■ What you need to do: In the entries below, find the line with "- 14.00 Uhr" and the line with "Heureux amis célébrant"; reproduce those two lines and all lines between them exactly, without pictures.

------ Exercise input

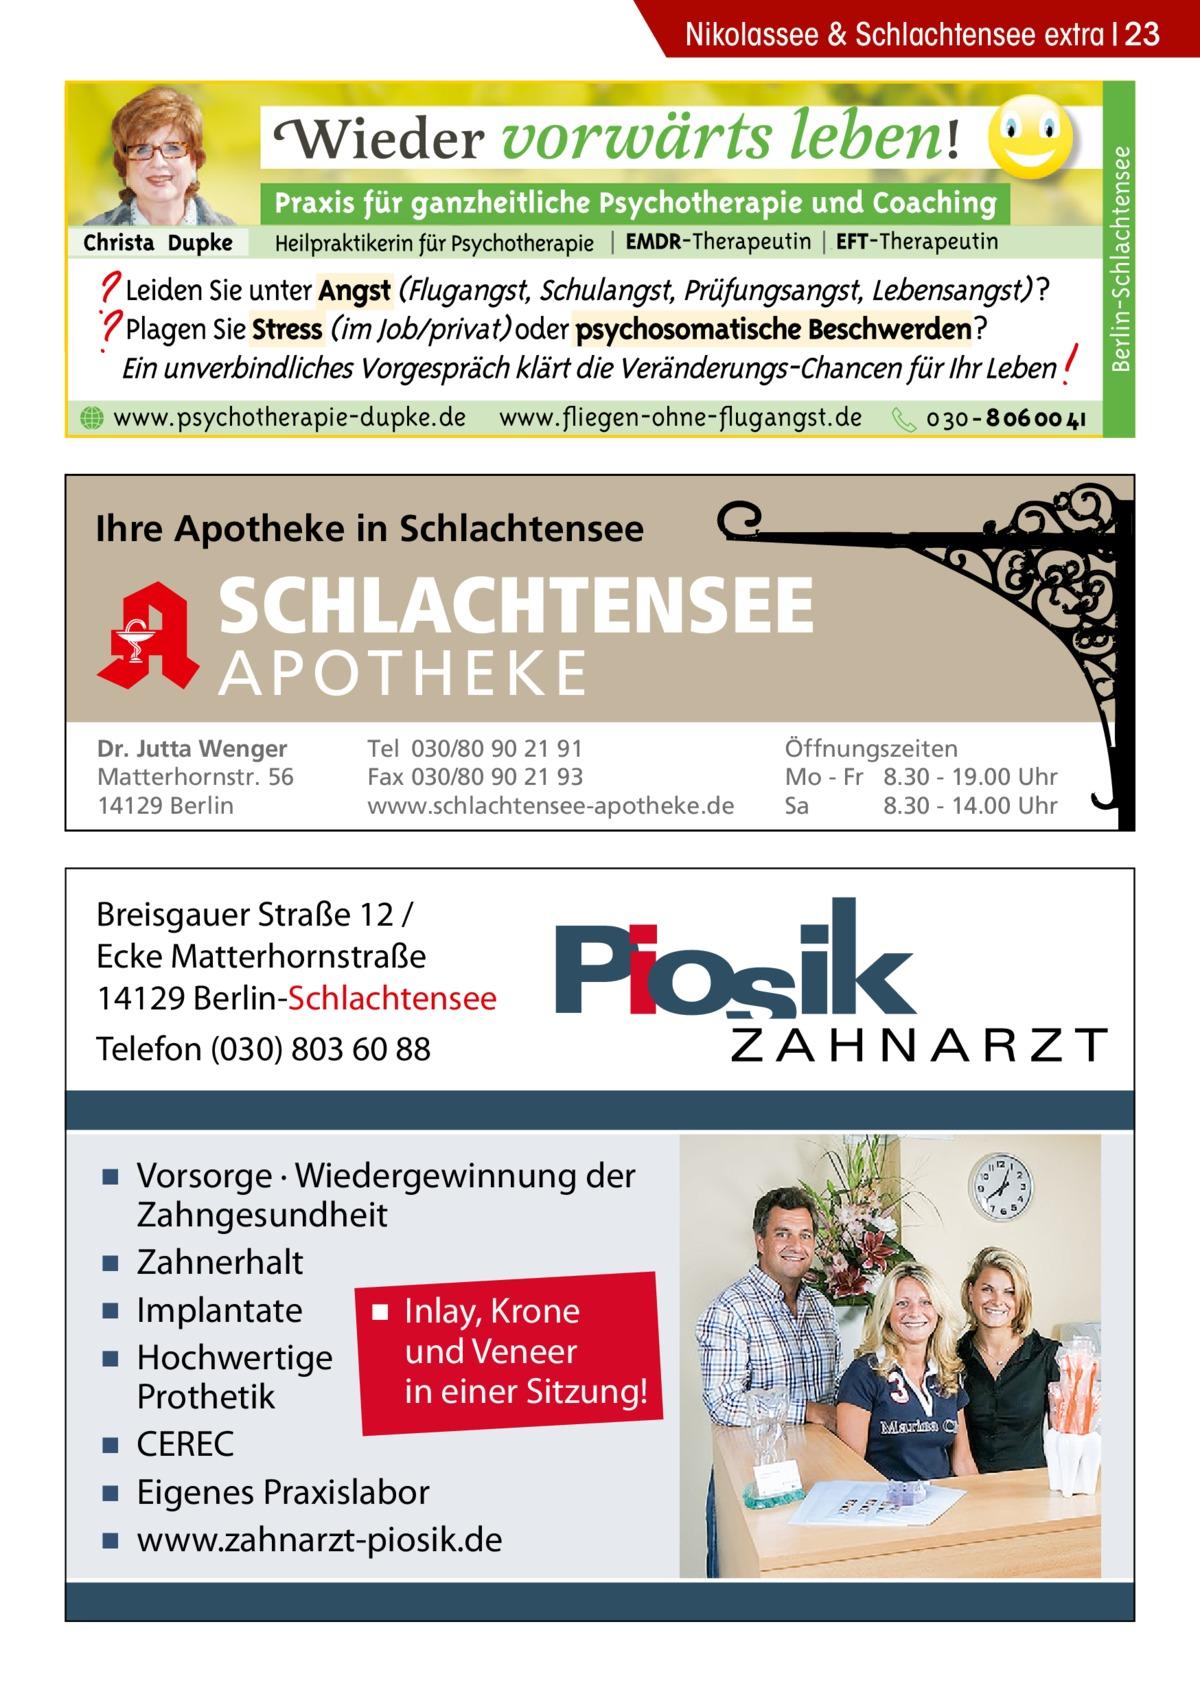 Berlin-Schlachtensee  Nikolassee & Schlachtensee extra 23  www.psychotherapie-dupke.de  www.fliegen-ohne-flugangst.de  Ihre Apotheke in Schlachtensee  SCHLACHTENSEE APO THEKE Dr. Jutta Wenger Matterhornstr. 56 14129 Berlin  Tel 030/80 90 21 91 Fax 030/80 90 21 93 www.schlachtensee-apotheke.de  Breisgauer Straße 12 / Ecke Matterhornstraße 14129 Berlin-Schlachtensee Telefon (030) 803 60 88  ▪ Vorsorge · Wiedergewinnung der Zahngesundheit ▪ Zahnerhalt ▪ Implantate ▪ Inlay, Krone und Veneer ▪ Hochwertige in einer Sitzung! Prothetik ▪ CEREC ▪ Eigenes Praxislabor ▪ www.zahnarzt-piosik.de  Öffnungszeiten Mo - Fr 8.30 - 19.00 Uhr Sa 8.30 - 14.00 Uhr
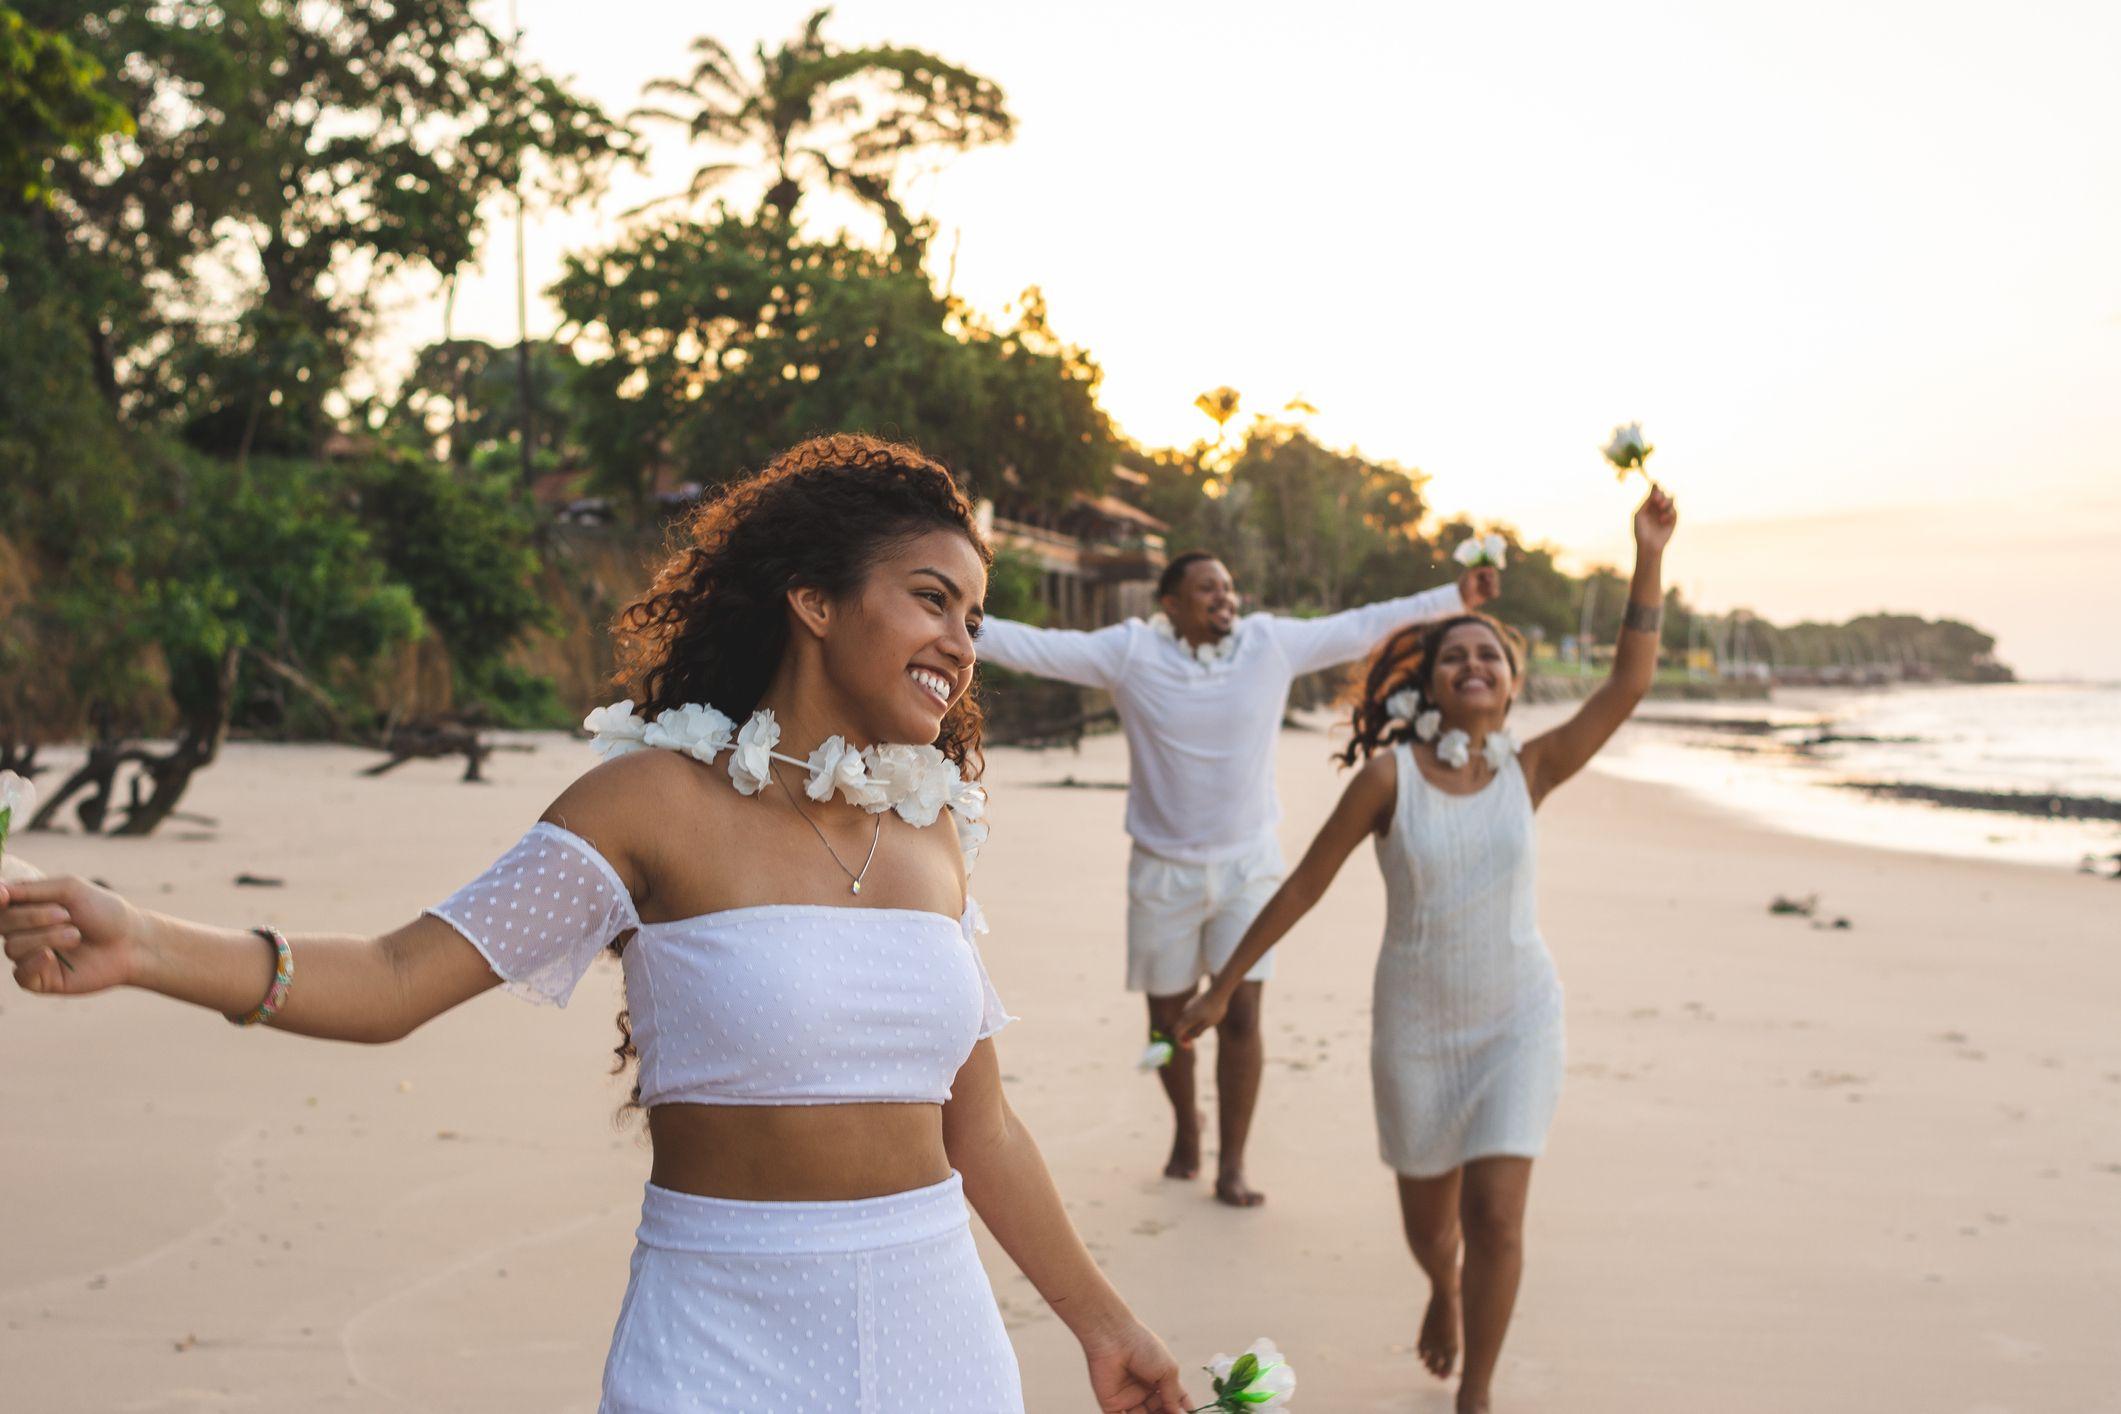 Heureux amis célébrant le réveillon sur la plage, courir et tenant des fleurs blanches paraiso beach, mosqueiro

------------
------ Exercise input

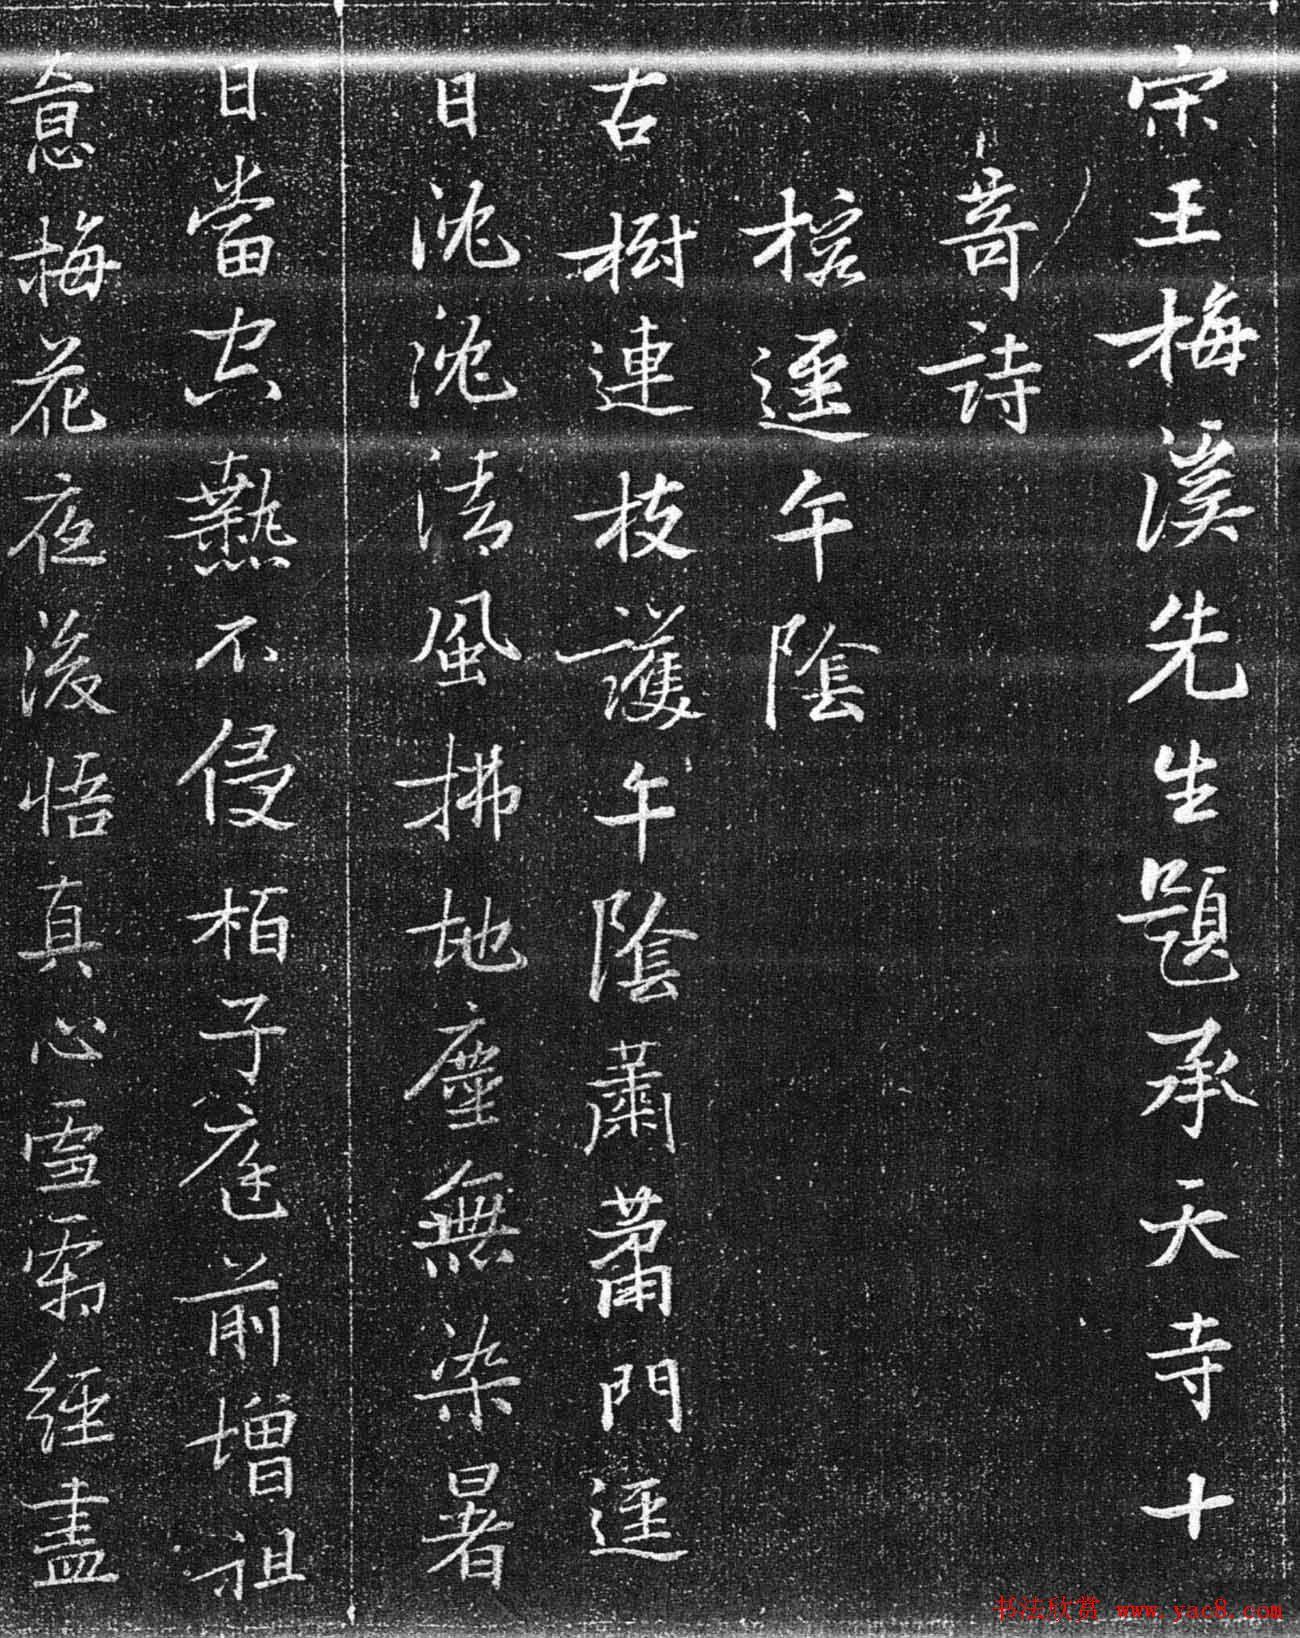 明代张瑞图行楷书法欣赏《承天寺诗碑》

------------
------ Exercise input

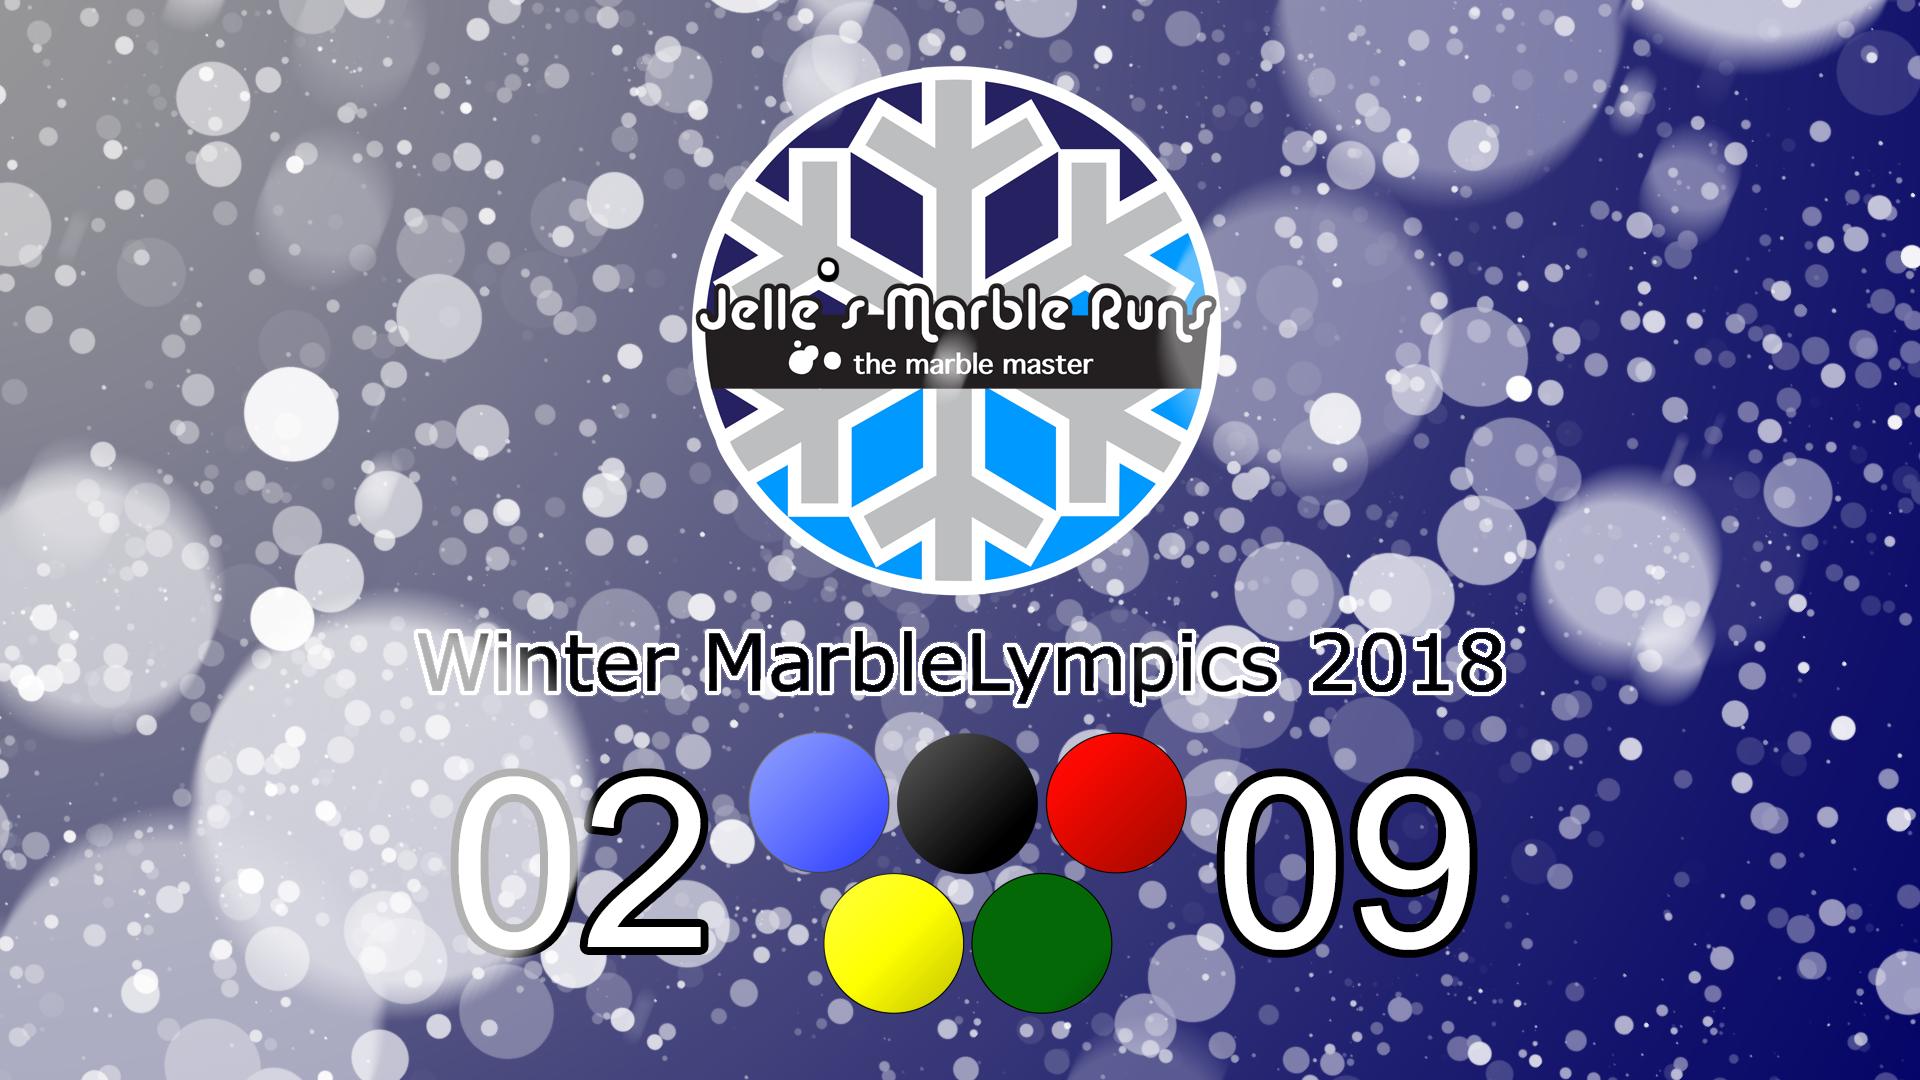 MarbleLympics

------------

■ Result below:
 Berlin-Schlachtensee  Nikolassee & Schlachtensee extra 23  www.psychotherapie-dupke.de  www.fliegen-ohne-flugangst.de  Ihre Apotheke in Schlachtensee  SCHLACHTENSEE APO THEKE Dr. Jutta Wenger Matterhornstr. 56 14129 Berlin  Tel 030/80 90 21 91 Fax 030/80 90 21 93 www.schlachtensee-apotheke.de  Breisgauer Straße 12 / Ecke Matterhornstraße 14129 Berlin-Schlachtensee Telefon (030) 803 60 88  ▪ Vorsorge · Wiedergewinnung der Zahngesundheit ▪ Zahnerhalt ▪ Implantate ▪ Inlay, Krone und Veneer ▪ Hochwertige in einer Sitzung! Prothetik ▪ CEREC ▪ Eigenes Praxislabor ▪ www.zahnarzt-piosik.de  Öffnungszeiten Mo - Fr 8.30 - 19.00 Uhr Sa 8.30 - 14.00 Uhr
 Heureux amis célébrant le réveillon sur la plage, courir et tenant des fleurs blanches paraiso beach, mosqueiro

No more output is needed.